During those three months of training in Lebanon and Syria, November 1942 to February 1943, I had found that respect for America and things American was universal. This was true, not only on the campus of the American University of Beirut and in urban areas such as Beirut and Damascus, but also in the towns like Baalbeck, in the traditional villages of the plains, and in the tents of the nomads.

I wrote, in one of my last letters from Selemiye on January 27, 1943:

Everywhere you go you meet people with relatives in America, people who have lived there, who will do anything for you because you are an American. Our land across the water has taken almost mythical proportions..."America can do no wrong." There is faith that America will lead our world out of its dark-ages after the war ... although too emotional perhaps, it makes one proud of our country.

And now this faith in America has been damaged because of our inevitable involvement as the world's one remaining super power in the conflict between Palestinian Arab and Israeli Jew, in which we have tried but often failed to act the "honest broker" to contain atrocities of terror brought on by the extremists of both sides. Nevertheless, America's support of the peace-process together with the moderates on both sides represents the best hope for peace in the troubled Middle East.

In those first days of February 1943 our final passage and leave at the Beirut Transit Camp while waiting for our convoy to form, provided a final opportunity to relish this fabled city. While some of our more gallant comrades boasted of conquests of the beautiful girls, Chan Keller, John Leinbach, Harry Hopper and I boasted of a different conquest --- we had discovered the best ice cream since Groppy's in Cairo!

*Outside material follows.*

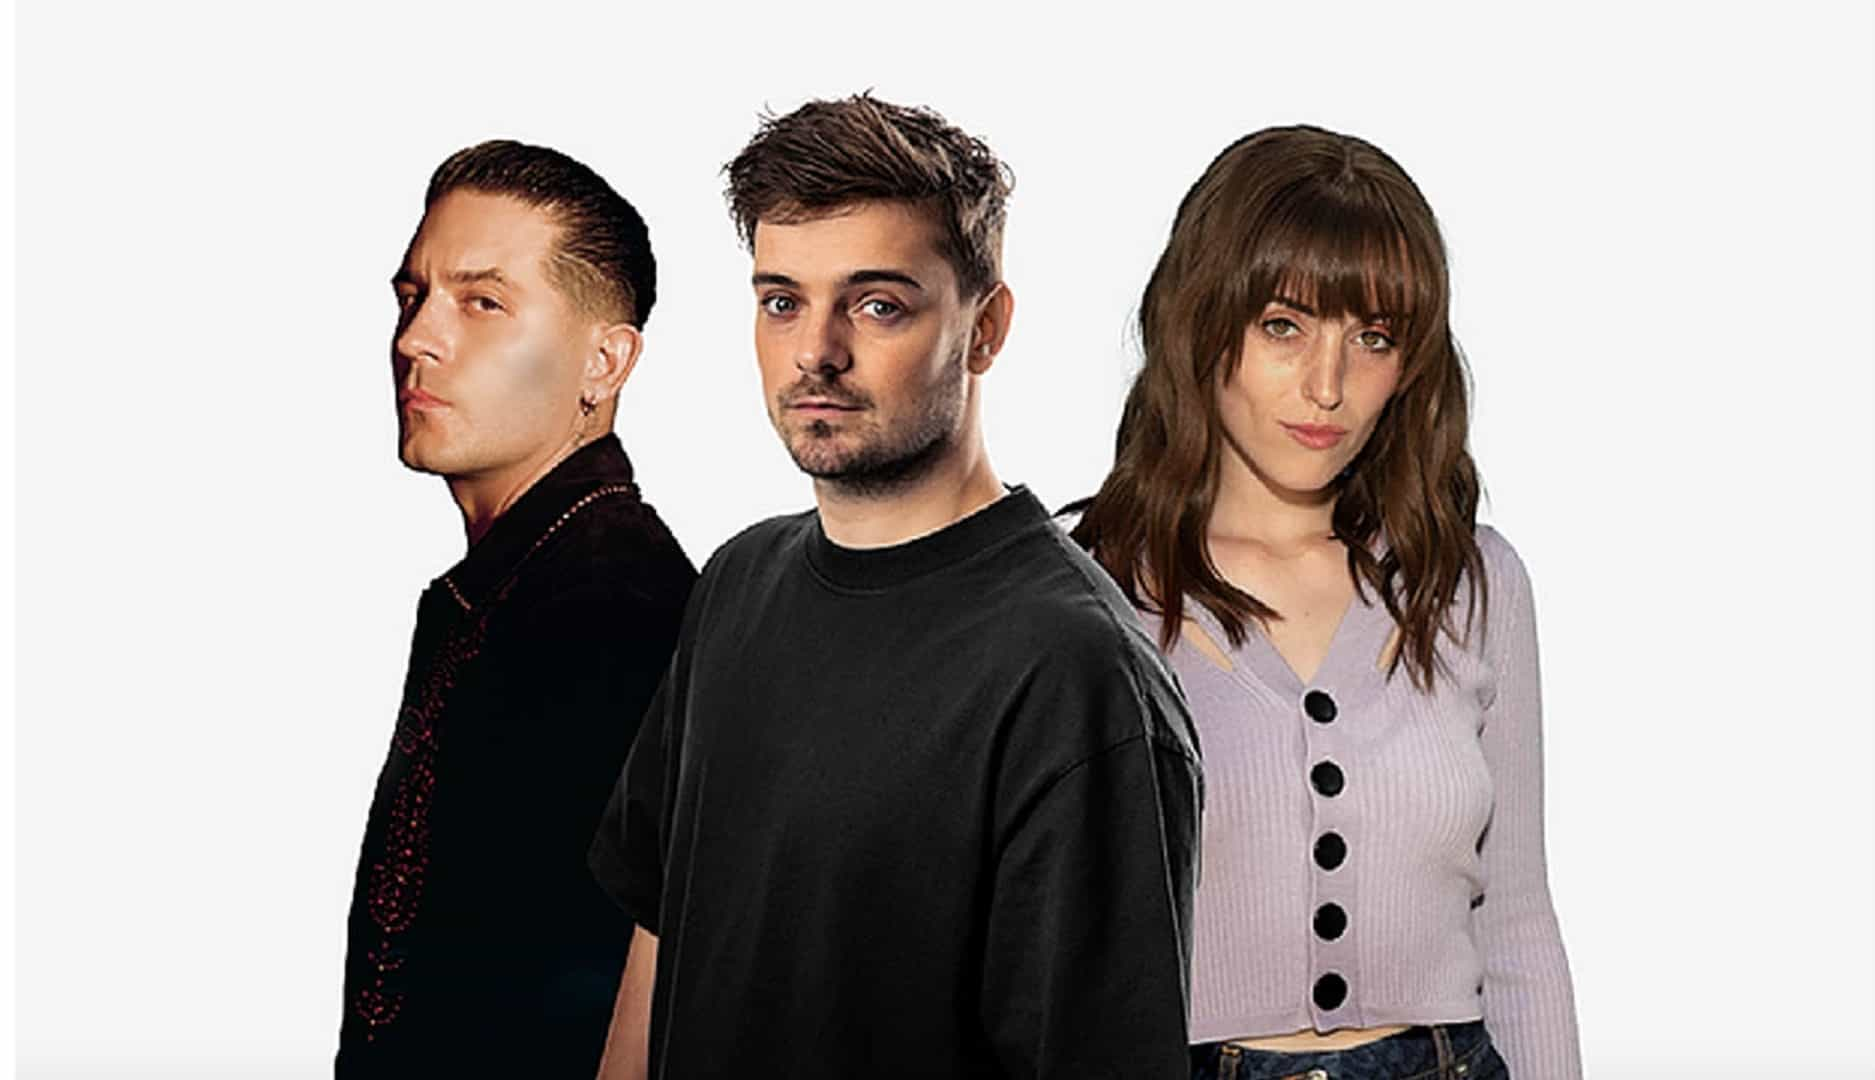 Martin Garrix, G-Eazy, Sasha Alex Sloan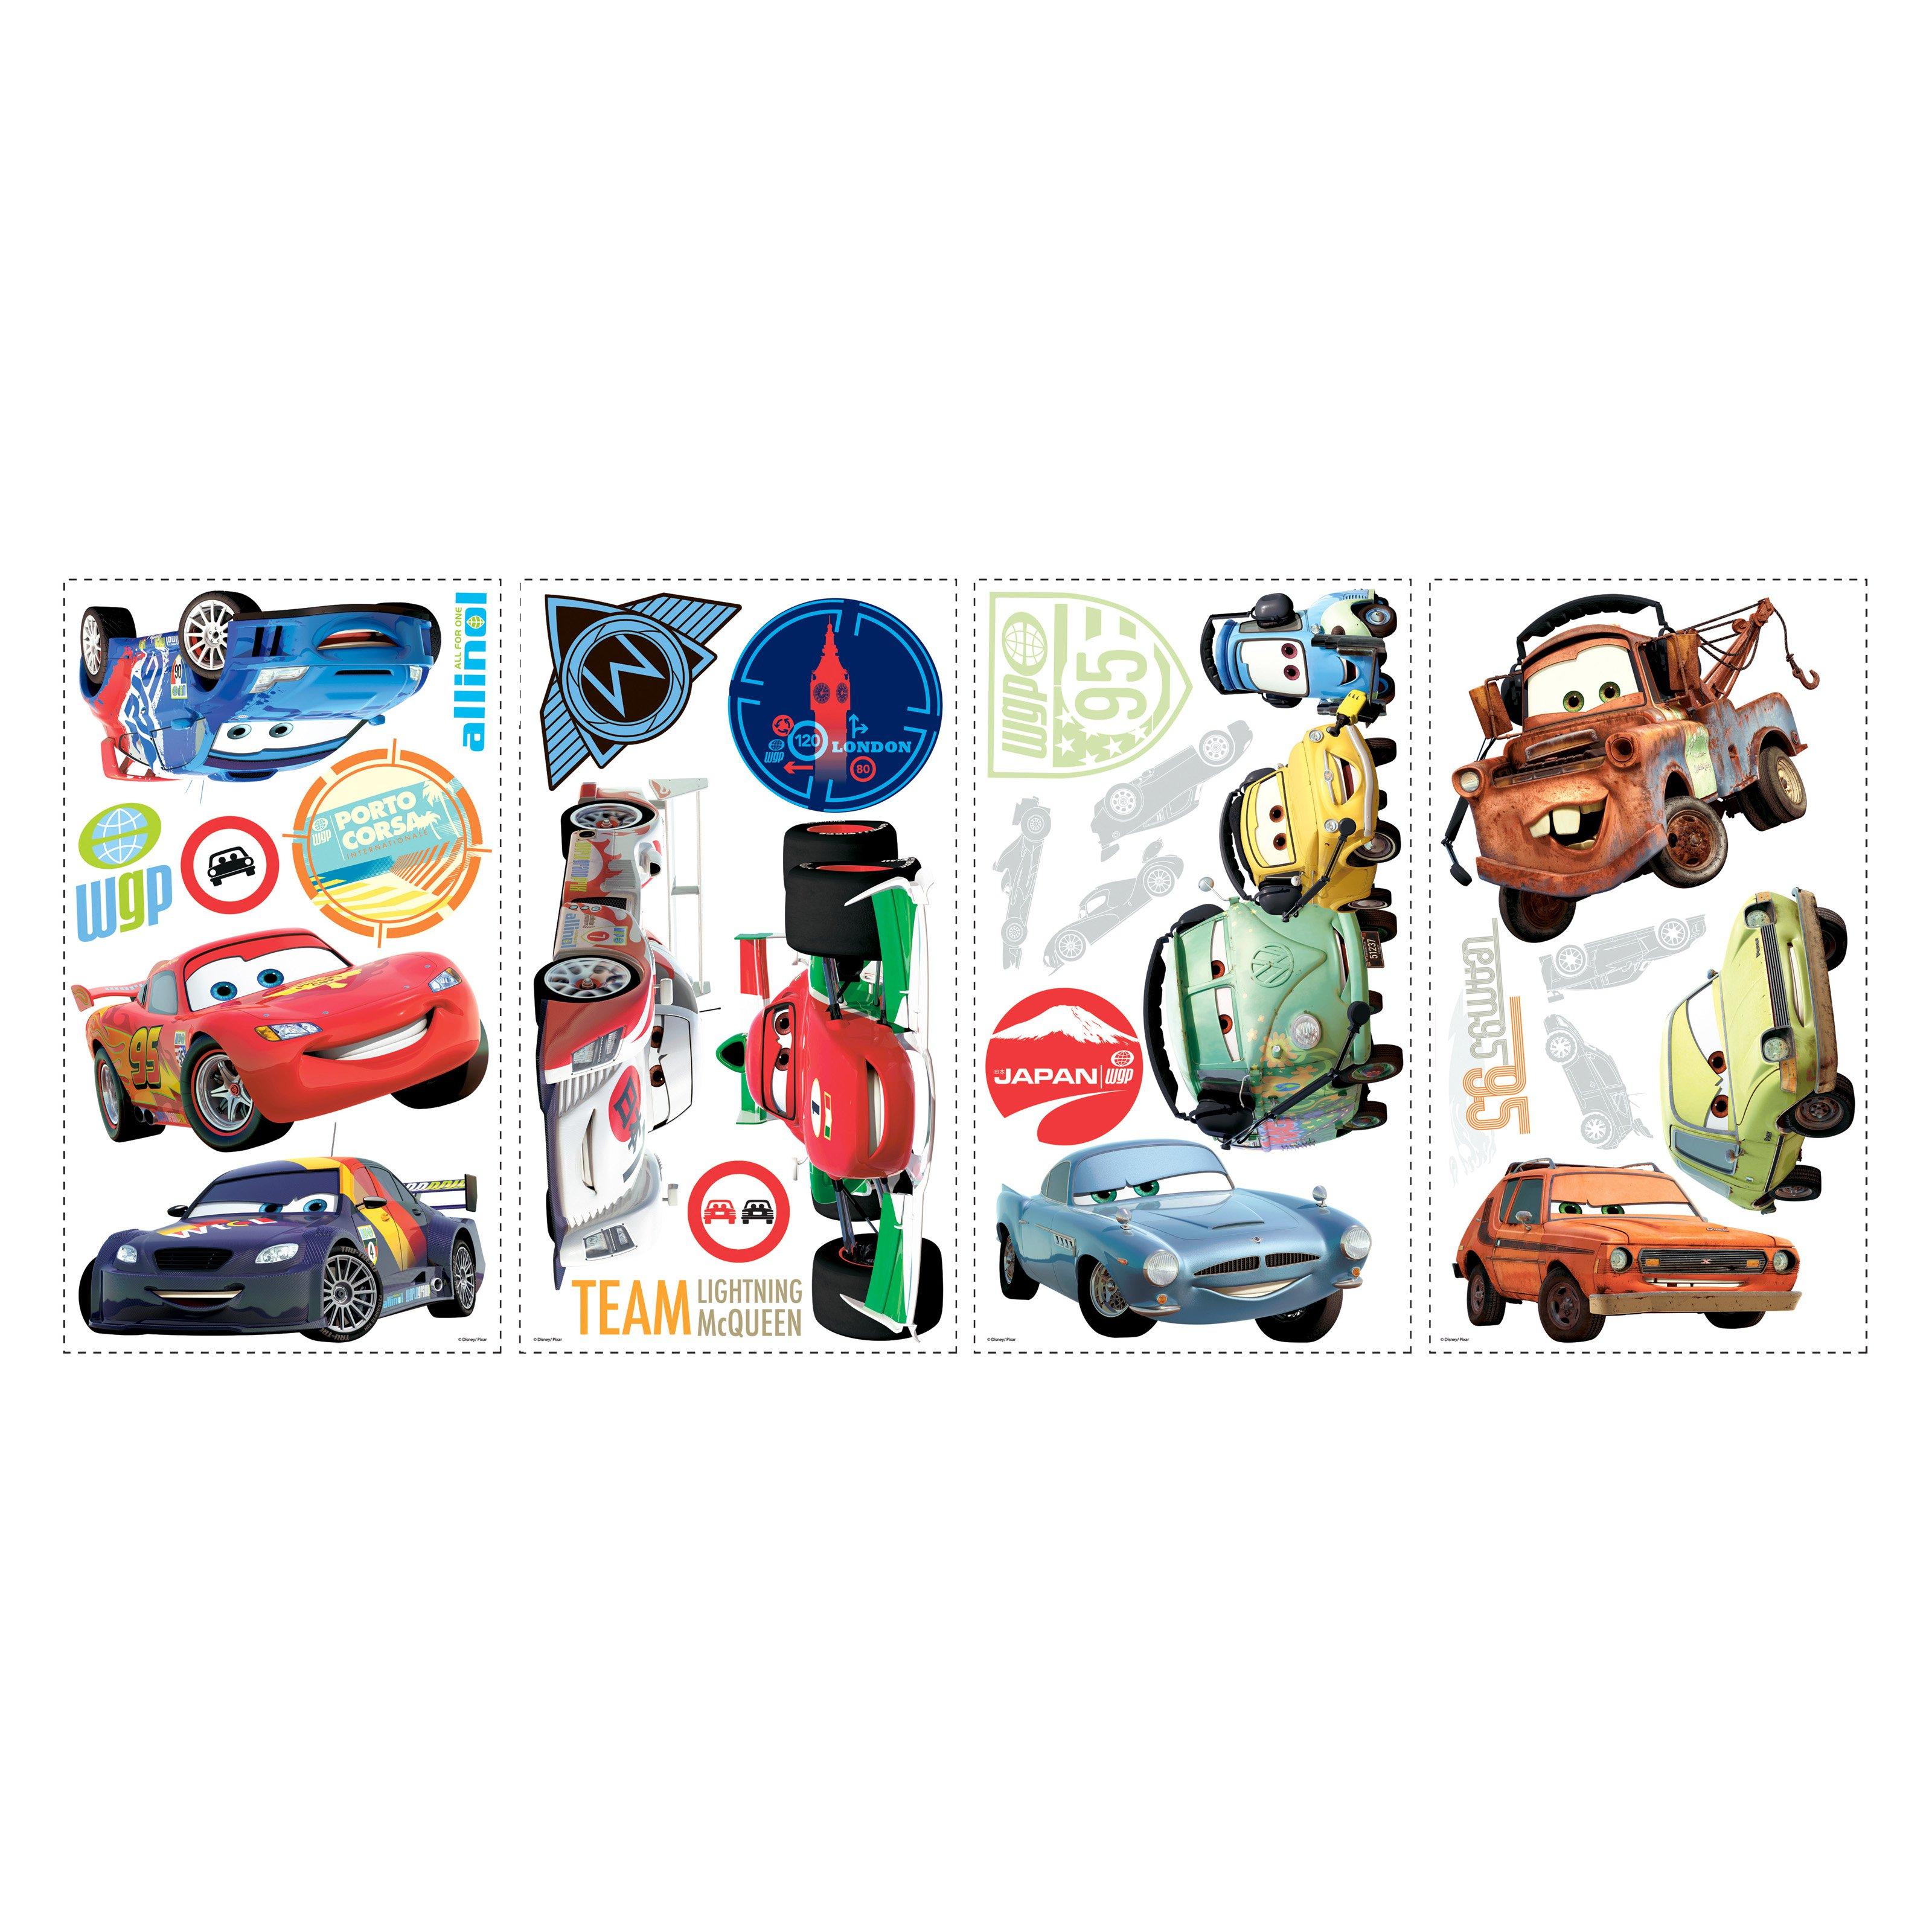 Disney Championship Cars Wallpaper Border Self Adhesive Children Bedroom 19

On February 6, 1943 --- our final day at Beirut Transit Camp --- I managed to get off a letter which was a masterpiece of convoluted prose, such that the censors (British and American) would not cut it out but that the folks back home might surmise my destination and that I was on the move:

... for the present I am not where I have been --- and in a few days will be even farther from that most homey of mud houses. And then, too, my letters will have more miles to travel, and less regular means of transportation. So do not expect them each week, but rather in bunches, and in the advent of weeks of silence, do not worry about your son because he will be quite safe and probably many miles from anything but sand.